Prior to study initiation and again on Day 87, the eyes of all rats were examined by focal

illumination and indirect ophthalmoscopy. The animals were observed for viability, signs of

gross toxicity, and behavior changes at least once daily during the study, and weekly for a battery

of detailed clinical observations. Both eyes of all animals on study were examined by focal

illumination, slit lamp biomicroscopy, and indirect ophthalmoscopy prior to study initiation and

near termination of the study (Day 87). Body weights were recorded twice during acclimation,

including prior to test initiation (Day 1), weekly thereafter, and prior to sacrifice. Food

consumption measurements were taken to coincide with body weight measurements. Urine and

blood samples were collected on Day 79 from all main test animals and on Day 114 from the

recovery animals for urinalysis, hematology, and clinical chemistry determinations. Coagulation

assessments were performed for all main test animals on Day 93 or 94 (males and females,

respectively), prior to necropsy. Gross necropsies and histological evaluation of selected organs

and tissues were performed on all study animals.

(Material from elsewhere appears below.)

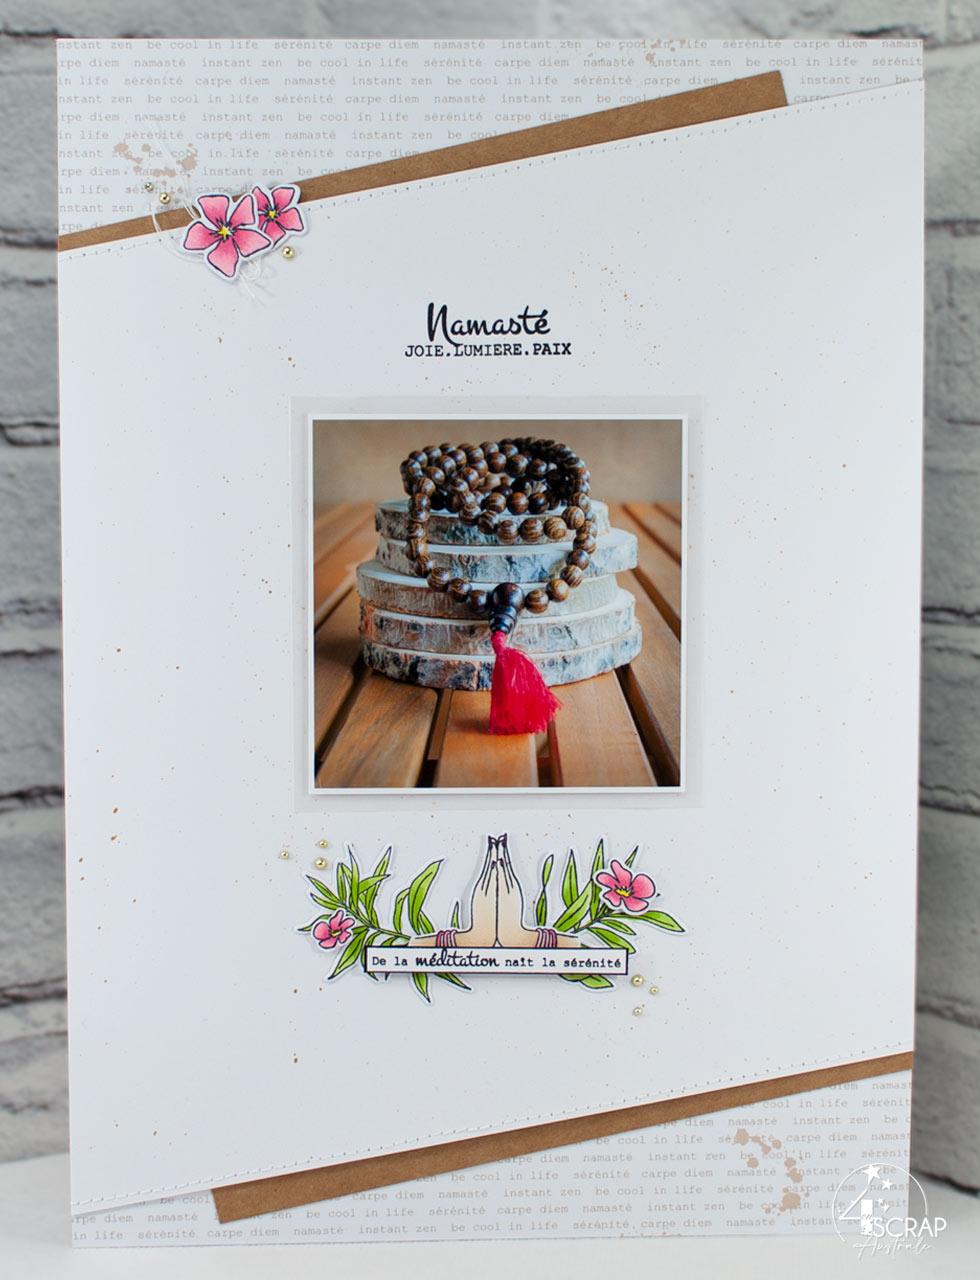 Création d'une page de scrap pour album A4 avec une photo d'un mala de perles en bois, feuillages et fleurs de laurier avec les mains en Namasté mudra.

There were no ophthalmological findings in either male or female rats attributed to the

administration of Dibenzoyl methane. There were no mortalities during the course of the study.

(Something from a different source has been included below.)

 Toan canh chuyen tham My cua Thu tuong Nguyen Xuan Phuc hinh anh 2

There were no clinical signs attributable to the test substance administration.

There were no test substance-related changes in mean weekly body weights, daily body weight

gain, daily food consumption, and food efficiency in male or female rats.

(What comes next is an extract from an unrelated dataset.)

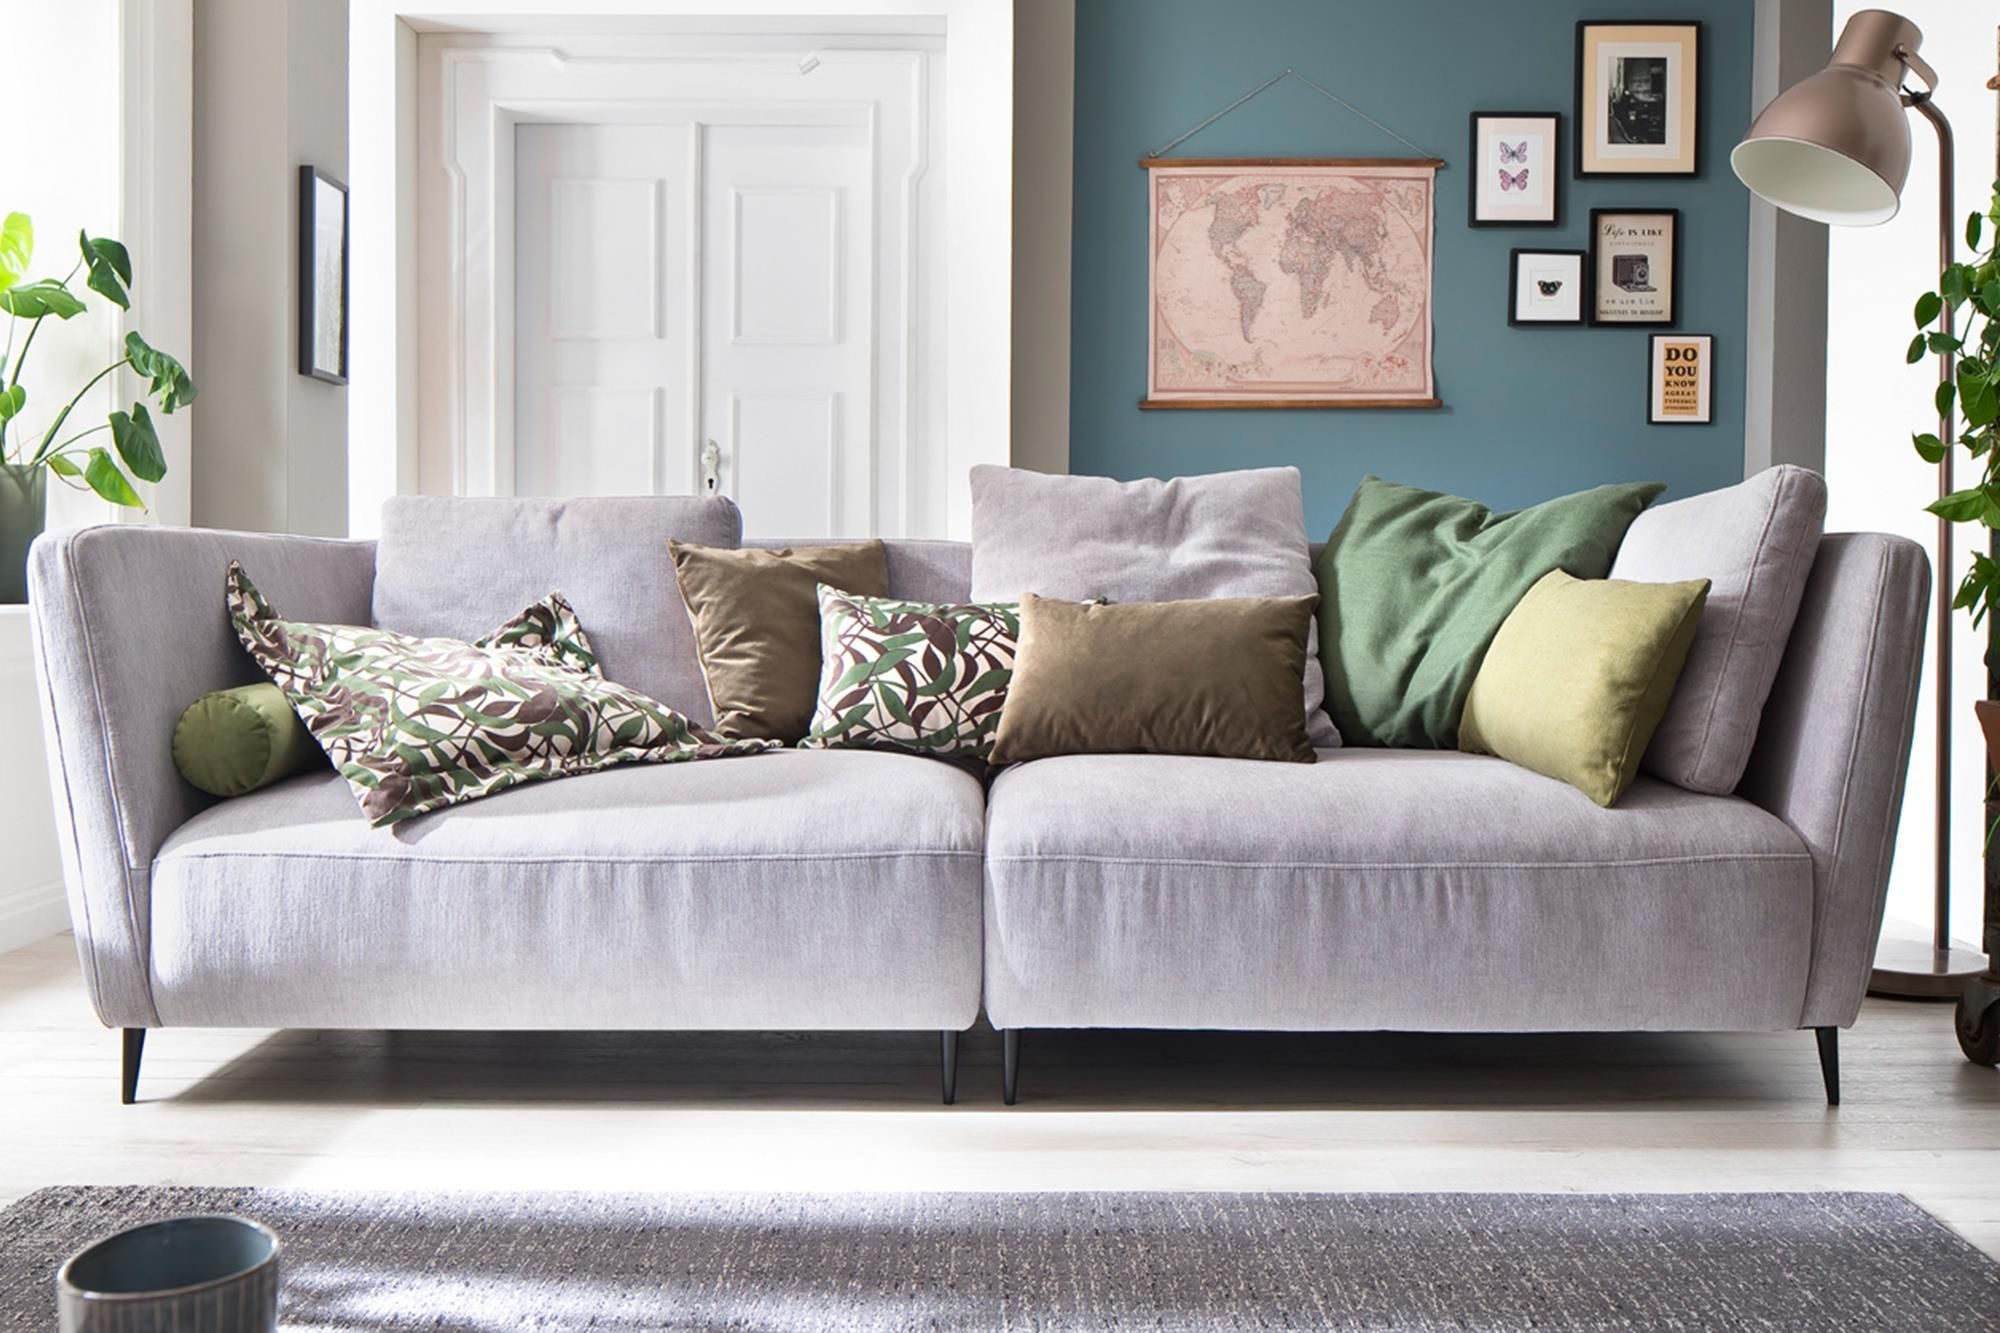 Besonders Modern Und Trendy Ist Das Big Sofa Cascara Von Candy Es Bietet Ihnen Mit Einer Sitztiefe Von 102cm Viel Pla Grosse Sofas Gunstige Sofas Big Sofa Grau

There were no test substance-related changes in hematology or coagulation parameters. Test

substance-related changes in serum chemistry parameters consisted of increased bilirubin and

cholesterol in Group 4 males and females; increased serum protein in Group 3 and 4 males;

increased albumin in Group 2-4 males; decreased triglycerides in Group 3 and 4 females and

decreased chloride in Group 4 males. All the changes observed are within PSL historical range,

do not have an adverse histopathological correlate, were not observed at the end of the recovery

period, and are therefore interpreted to be non-adverse. Urine volume was increased in Group 4

males and correlated with the histopathology observation of dilated renal tubules and

urobilinogen values increase in Group 3 and 4 males; these changes were completely reversed

after the 28-day recovery period.

There were no mortalities associated with the administration of Dibenzoyl methane. There no

test substance-related macroscopic observations. Increased absolute and relative liver and kidney

weights were observed for Groups 2-4 males and females, with a recovery in the magnitude of

change observed in the male and female liver weights and a slight recovery observed in male only

kidney weights. Compensatory centrilobular hepatocyte hypertrophy, compatible with the

absorption, metabolism and excretion, was observed in all main Group 4 animals and correlated

with increased liver weights. This change was not observed at the end on the 28-day recovery

period and was interpreted to be non-adverse. Compensatory dilation of renal tubules, compatible

with increased glomerular filtration and excretion, was also observed in Group 4 animals and

correlated with increases in kidney weights. It was still present microscopically with similar

severities in Group 6 recovery rats and correlated with kidney weight increases. Tubular dilation

was noted for Group 3 males (mild) and Group 2 males (minimal). Minimal renal changes in

Group 2 males were not associated with cellular degeneration, or other abnormal clinical blood or

urinalysis alterations noted, that could be ascribed to test substance toxicity on the kidneys, the

significance of these renal findings was interpreted to be negligible and non-adverse.

Under the conditions of the study and based on the toxicological endpoints evaluated, the

no-adverse-effect level (NOAEL) for administration of Dibenzoyl methane was determined to be

125 mg/kg/day for female and 62.5 mg/kg/day for male Sprague Dawley rats.